'''

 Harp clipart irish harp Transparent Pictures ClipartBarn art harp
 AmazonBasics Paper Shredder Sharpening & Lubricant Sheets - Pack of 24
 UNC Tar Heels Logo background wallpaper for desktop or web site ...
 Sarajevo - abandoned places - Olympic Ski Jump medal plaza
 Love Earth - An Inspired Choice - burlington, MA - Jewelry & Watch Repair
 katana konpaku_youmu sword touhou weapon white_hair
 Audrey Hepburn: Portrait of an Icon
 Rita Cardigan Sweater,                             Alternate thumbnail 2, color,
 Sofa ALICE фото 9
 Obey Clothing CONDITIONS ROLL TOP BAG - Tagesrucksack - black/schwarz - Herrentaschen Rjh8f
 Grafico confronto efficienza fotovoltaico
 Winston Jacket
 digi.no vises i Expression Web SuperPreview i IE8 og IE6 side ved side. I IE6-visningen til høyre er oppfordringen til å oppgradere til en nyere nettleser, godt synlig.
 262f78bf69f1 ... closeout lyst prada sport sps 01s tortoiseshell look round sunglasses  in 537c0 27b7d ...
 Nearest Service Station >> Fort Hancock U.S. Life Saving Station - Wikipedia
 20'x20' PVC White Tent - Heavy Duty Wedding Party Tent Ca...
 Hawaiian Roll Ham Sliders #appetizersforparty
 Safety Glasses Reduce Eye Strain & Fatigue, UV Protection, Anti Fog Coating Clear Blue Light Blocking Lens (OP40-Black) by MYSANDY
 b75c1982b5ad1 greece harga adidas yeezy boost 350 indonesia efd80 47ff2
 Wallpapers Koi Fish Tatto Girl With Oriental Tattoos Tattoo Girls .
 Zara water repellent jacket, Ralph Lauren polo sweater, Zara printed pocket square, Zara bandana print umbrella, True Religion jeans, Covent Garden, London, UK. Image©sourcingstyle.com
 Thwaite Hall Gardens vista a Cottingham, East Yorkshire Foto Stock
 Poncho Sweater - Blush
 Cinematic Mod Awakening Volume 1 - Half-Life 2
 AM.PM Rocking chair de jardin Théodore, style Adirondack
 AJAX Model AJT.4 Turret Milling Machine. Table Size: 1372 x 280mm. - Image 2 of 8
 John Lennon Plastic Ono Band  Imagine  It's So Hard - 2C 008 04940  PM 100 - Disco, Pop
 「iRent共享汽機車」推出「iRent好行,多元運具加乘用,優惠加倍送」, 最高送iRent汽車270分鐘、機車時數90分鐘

'''

Instructions for the task
Look above for the line holding "Grafico confronto efficienza fotovoltaico" and the line holding "Hawaiian Roll Ham", then output exactly those two lines and every line between them, nothing more.

Response
 Grafico confronto efficienza fotovoltaico
 Winston Jacket
 digi.no vises i Expression Web SuperPreview i IE8 og IE6 side ved side. I IE6-visningen til høyre er oppfordringen til å oppgradere til en nyere nettleser, godt synlig.
 262f78bf69f1 ... closeout lyst prada sport sps 01s tortoiseshell look round sunglasses  in 537c0 27b7d ...
 Nearest Service Station >> Fort Hancock U.S. Life Saving Station - Wikipedia
 20'x20' PVC White Tent - Heavy Duty Wedding Party Tent Ca...
 Hawaiian Roll Ham Sliders #appetizersforparty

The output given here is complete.